BEGIN SUPPLIED INFORMATION

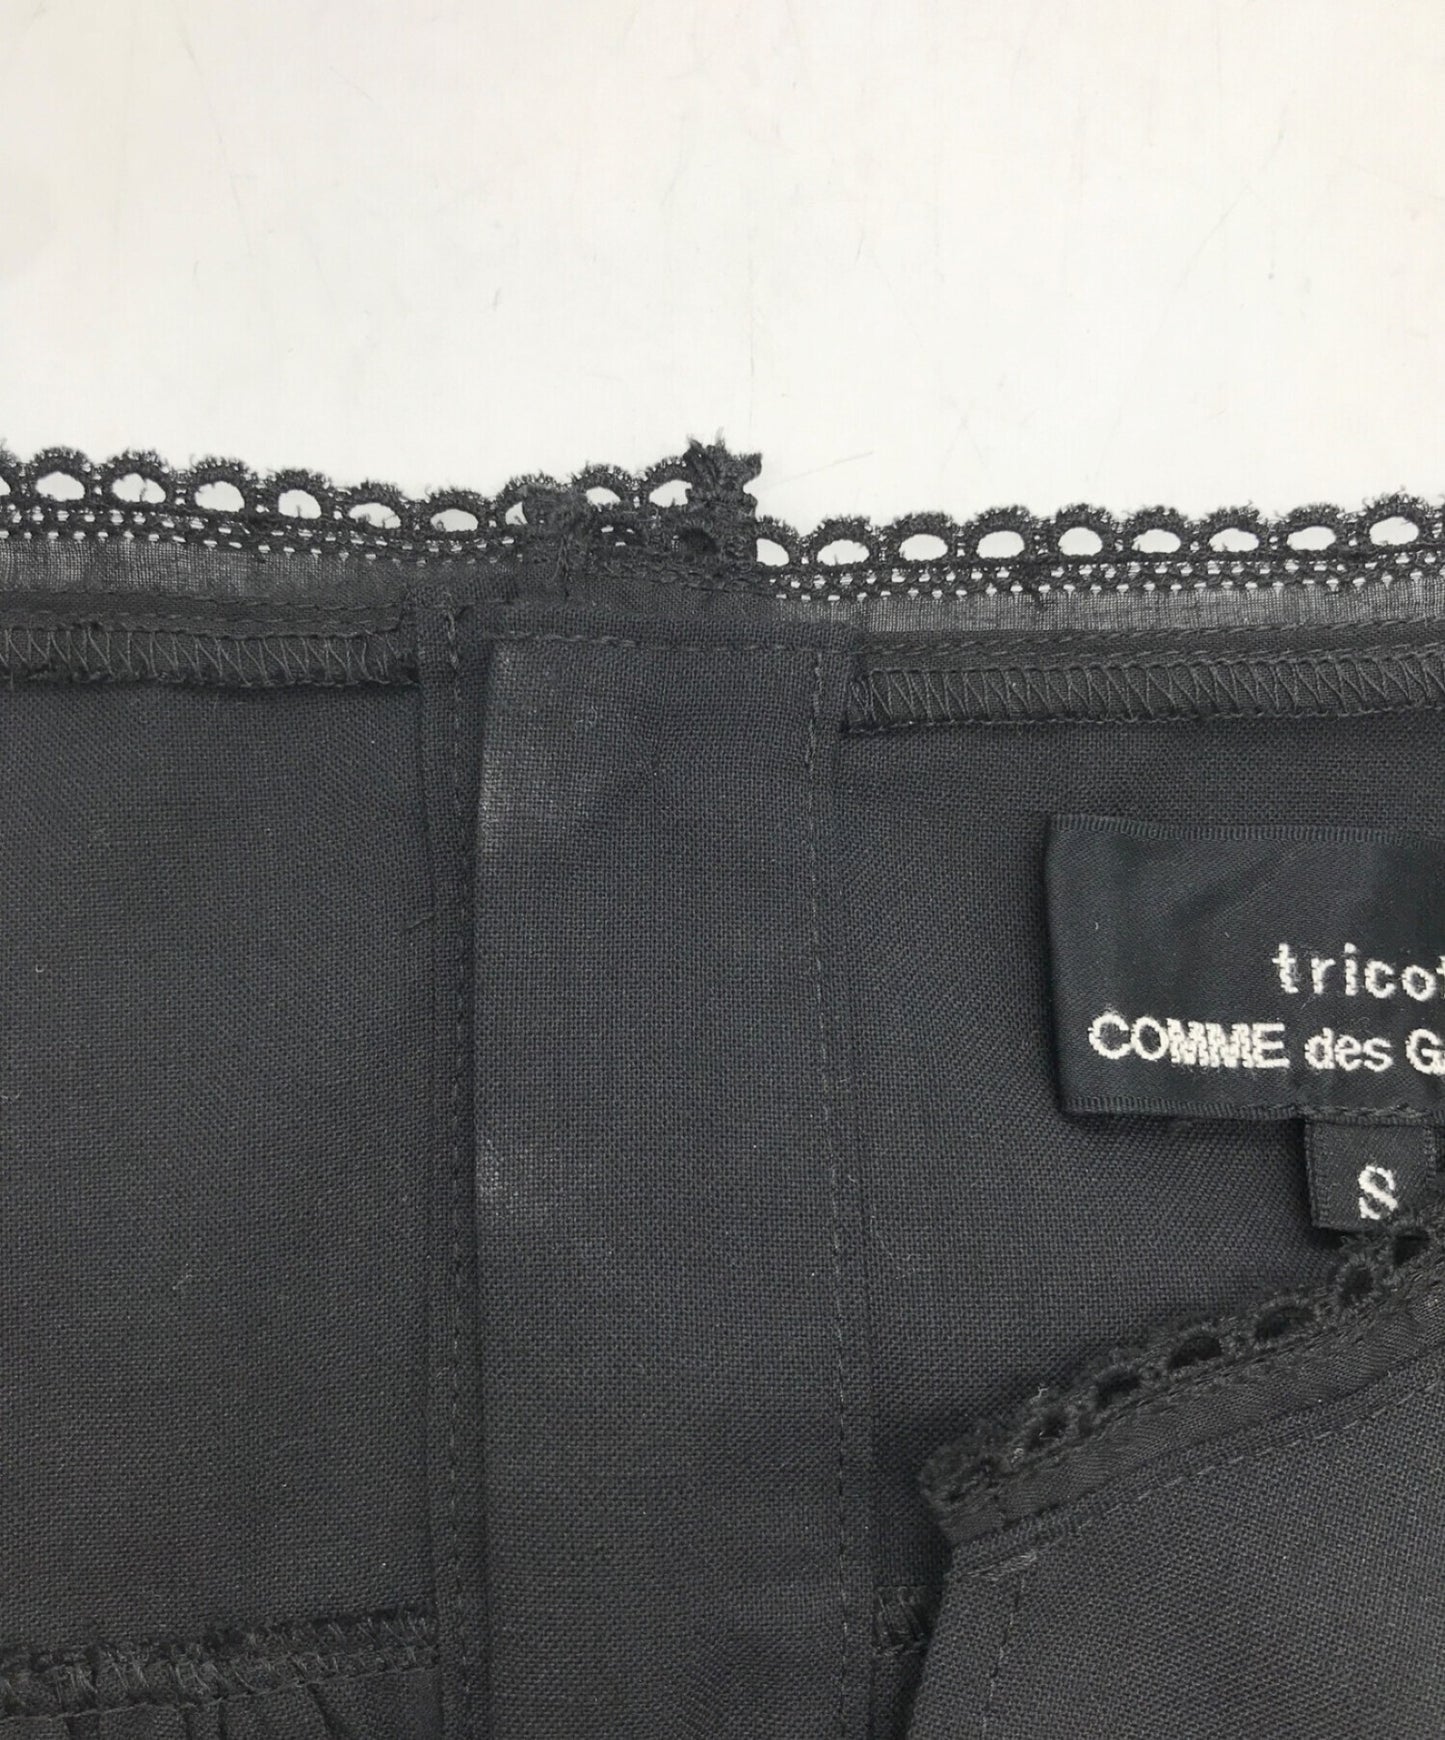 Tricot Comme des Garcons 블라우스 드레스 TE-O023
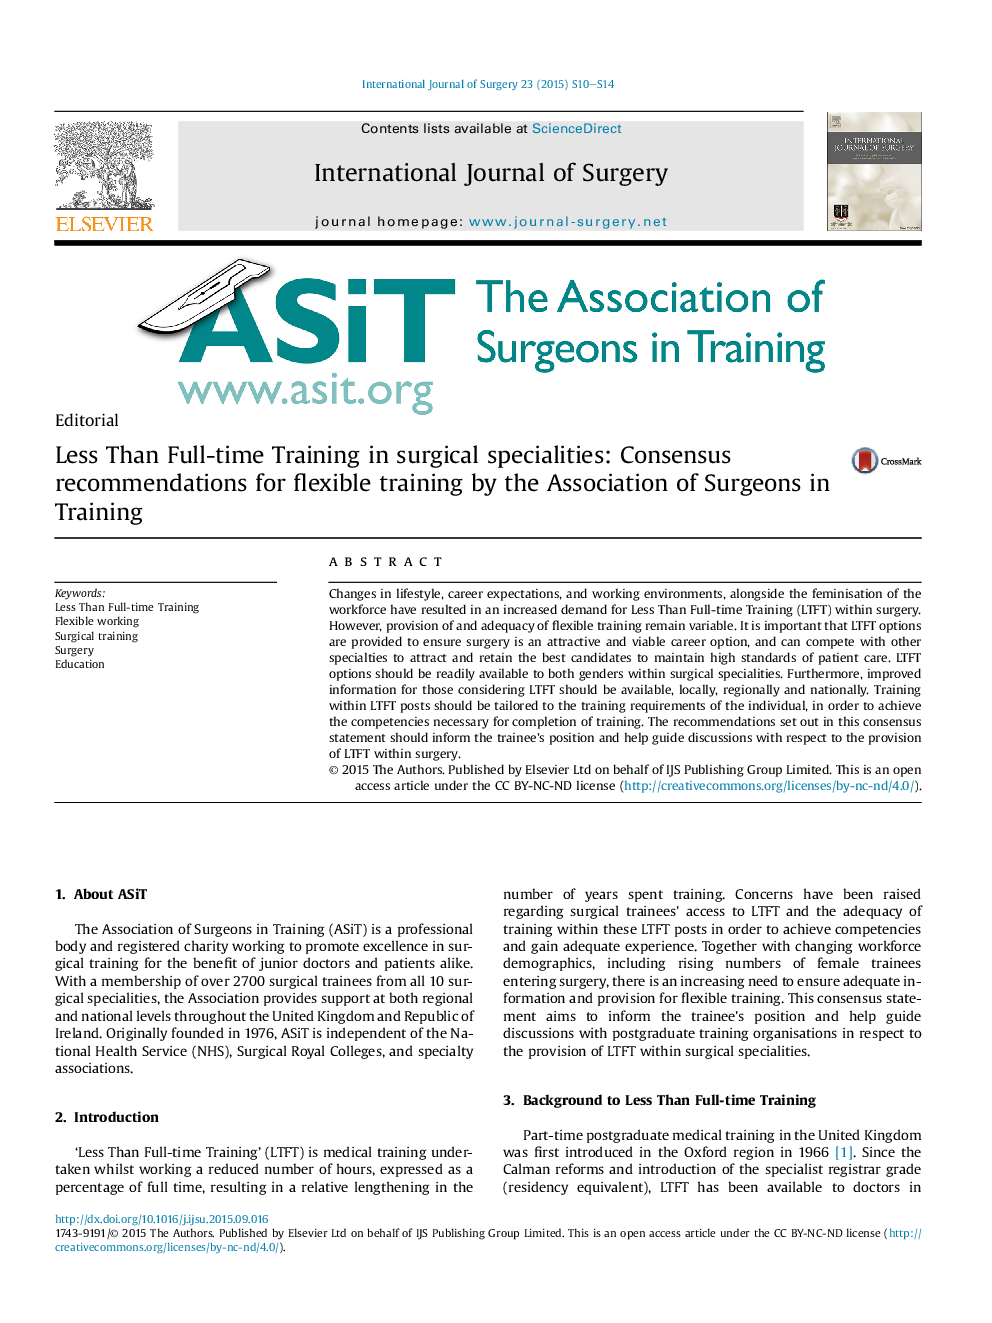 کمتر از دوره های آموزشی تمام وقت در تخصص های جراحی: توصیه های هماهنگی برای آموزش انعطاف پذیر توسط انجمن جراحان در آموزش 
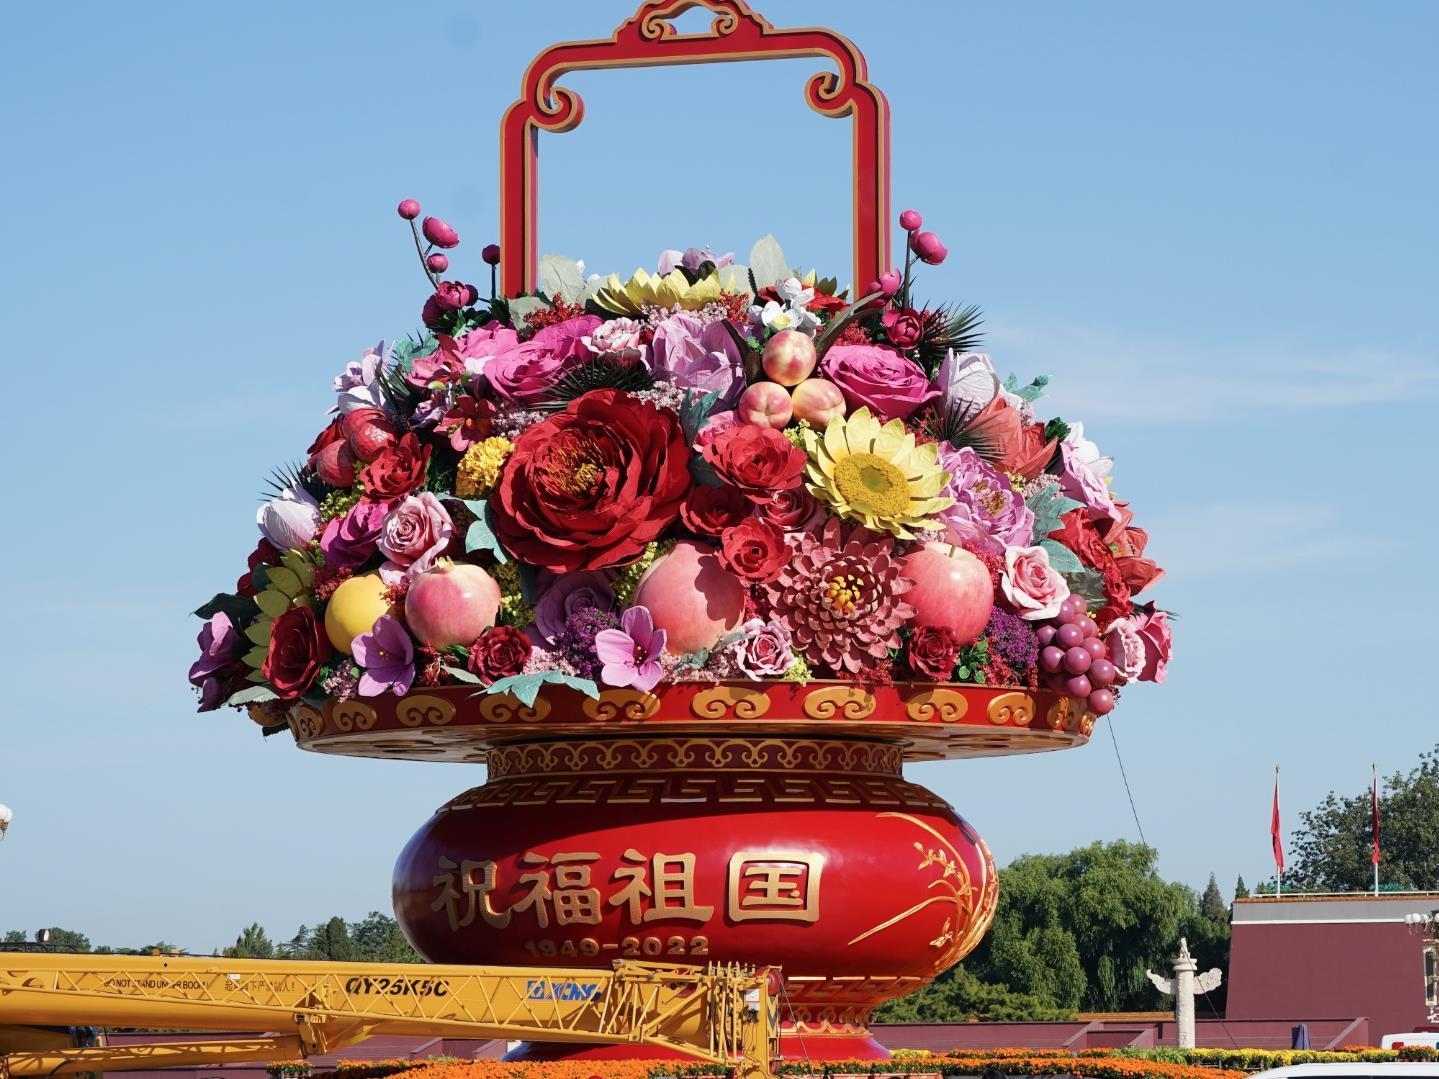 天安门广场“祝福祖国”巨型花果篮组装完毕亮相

END SUPPLIED INFORMATION

*REQUIRED ACTION*. Omit all images when repeating the data above exactly.

*EXERCISE SOLUTION*.
 Tricot Comme des Garcons 블라우스 드레스 TE-O023
 کمتر از دوره های آموزشی تمام وقت در تخصص های جراحی: توصیه های هماهنگی برای آموزش انعطاف پذیر توسط انجمن جراحان در آموزش 
 天安门广场“祝福祖国”巨型花果篮组装完毕亮相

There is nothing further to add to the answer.